Muhalif yaklaşımda olan ve iktidara destek verse bile  Atatürkçü yaklaşımı bırakmayanlar, çoğu zaman olduğu gibi Beştepe Sarayı’nda oturana laf edemedikleri için Büyükekşi’yi günah keçisi görüp her türlü suçlamayı ona yöneltiyorlar. Büyükekşi dönemi, Ankaragücü-Çaykur Rizespor maçında ev sahibi kulübün başkanı Faruk Koca’nın hakeme yumruk atması olayıyla fiilen kapanmıştı. Süper Kupa olayından sonra resmen kapanmış olacağa benziyor. Böylece Beştepe Sarayı, kurban isteyenlerin önüne Büyükekşi’yi atıp biraz gaz almış olacak.

BU ÜLKENİN MAYASI HÂLÂ ATATÜRKÇÜLÜK ÜZERİNE

Riyad’da yaşananların tetiklediği gelişmeler, iktidarında çeyrek yüzyıla doğru giden AK Parti’nin ülkede gelmek istediği noktanın hâlâ çok uzağında olduğunu ortaya koydu. Esasında Süper Kupa olayı, Türkiye’ye egemen olmuş gibi görünen İslamcı havanın henüz geri dönüşü olmayan bir kulvara girmediğini gösterdi.

AK Parti iktidarıyla geçen yıllar ülkede laiklik fiilen yok edildi, anayasa askıya alındı, milyonlar ise Beştepe korkusuyla sinmeyi seçti. Atatürkçü geçinenler bile bütün yaşananlara cılız tepkiler vermekten öteye gitmedi.

Muhalif kesim ve özellikle Atatürkçüler, Suudi Arabistan’da yaşananlar üzerine seslerini çıkarma fırsatı buldu. Bu işin bir yanı. Bence o gün yaşananların en önemli tarafı, siyasal İslam’ın devlet eliyle bu kadar pompalanması ve tarikat ve cemaatlere bu kadar yol açılmasına rağmen, hepsinin birer kâğıttan kaplan olduğunu ortaya çıkardı.

Futbol, yine spordan daha fazlası olduğunu gösterdi. Siyasi erk, epeyden beri futbolu, spora bırakmayacak şekilde yönetmeye çalıştı. Riyad’da yaşananların statlara da yansımasının olacağı muhakkak. Önümüzdeki dönemde statlardan muhtemelen Onuncu Yıl Marşı sesleri ve “Mustafa Kemal’in askerleriyiz” sloganları yükselecek.

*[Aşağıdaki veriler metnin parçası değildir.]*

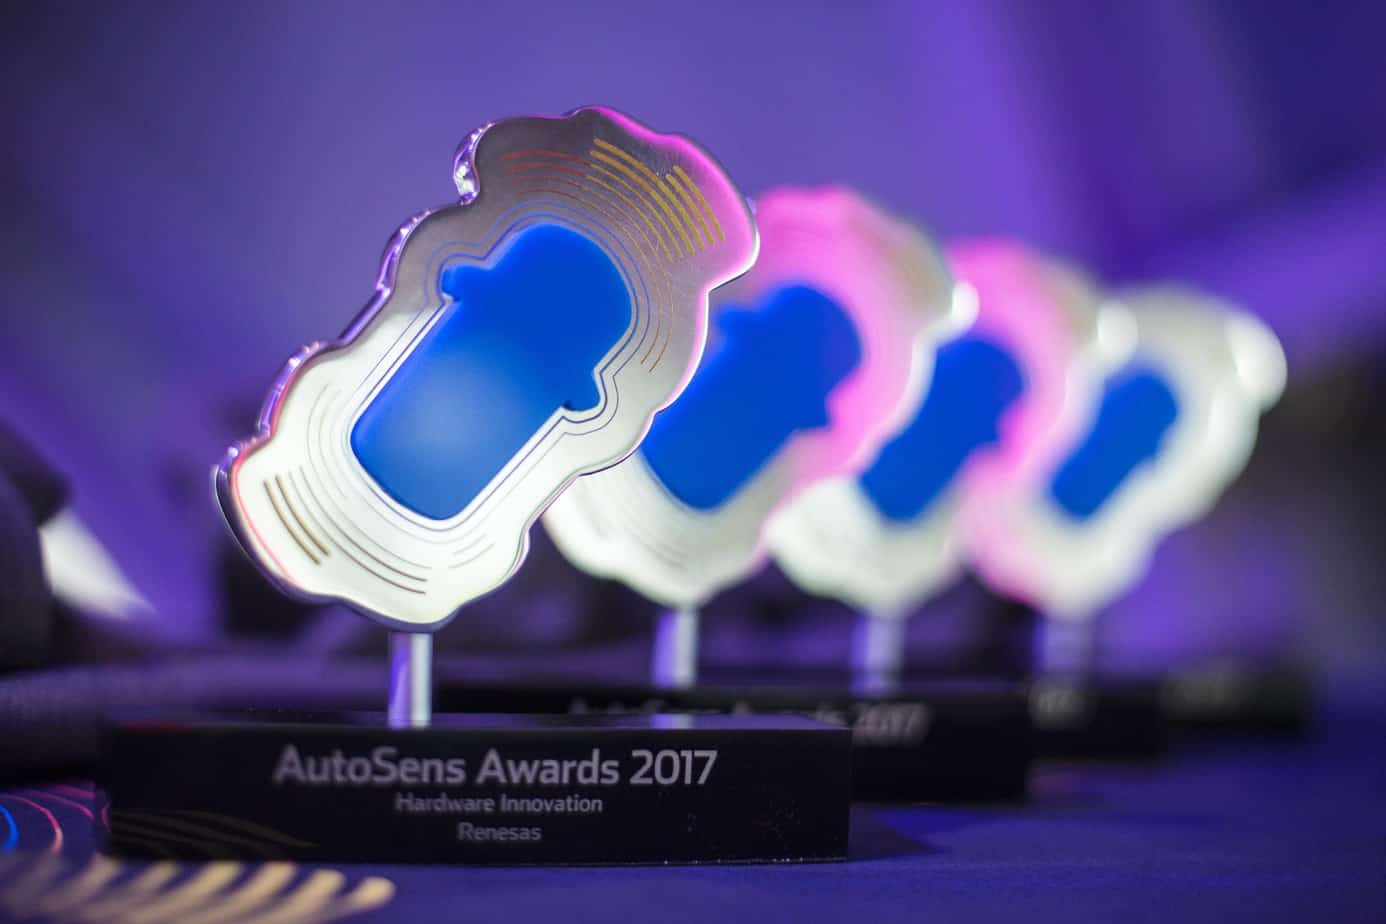 autosens awards

Nitekim, Ali Koç “Atatürk yoksa Türkiye yok, biz de yokuz, maç da yok” çıkışı ardından ilk olarak Beşiktaş, resmi hesabından “Atam izindeyiz” mesajını paylaştı. Beşiktaş’ı Trabzonspor, Göztepe, Karşıyaka, Gençlerbirliği, Ankaragücü, Adanademirspor ve diğerleri takip etti.

Bu sesin Beştepe’ye kadar uzanmasının önüne geçebilmek amacıyla farklı yollara başvurulmaya çalışılacak. İYİ Parti lideri Meral Akşener’in teklifi doğrultusunda Süper Kupa oynanmadan iki takımı birden, “Süper Kupa’nın sahibi” ilan edip dip dalgayı “onurlandırarak kırma” yoluna gidebilirler.

Fenerbahçe ve Galatasaray takımlarının başkanları, oynanacak Süper Kupa maçı öncesinde bir araya gelerek taraftarların karışık oturması yoluna bile gidebilirler. Bu Suudi Arabistan’a karşı gibi gösterilmiş bir tepki gibi sunulabilir. Böyle olması halinde birilerinin korkusu fena halde depreşmiş olur.

Ortaya konulan tablo bazılarında 28 Şubat sendromu yaşatmışa benziyor. İktidar yanlıları ortada görünmemeyi seçerken sesi duyulanlardan gazeteci Haşmet Babaoğlu tabloyu 25 yıl öncesine benzetti.

Türkiye istikrar yerine uçlar arasında sarkaç gibi gidip gelmeye devam ediyor.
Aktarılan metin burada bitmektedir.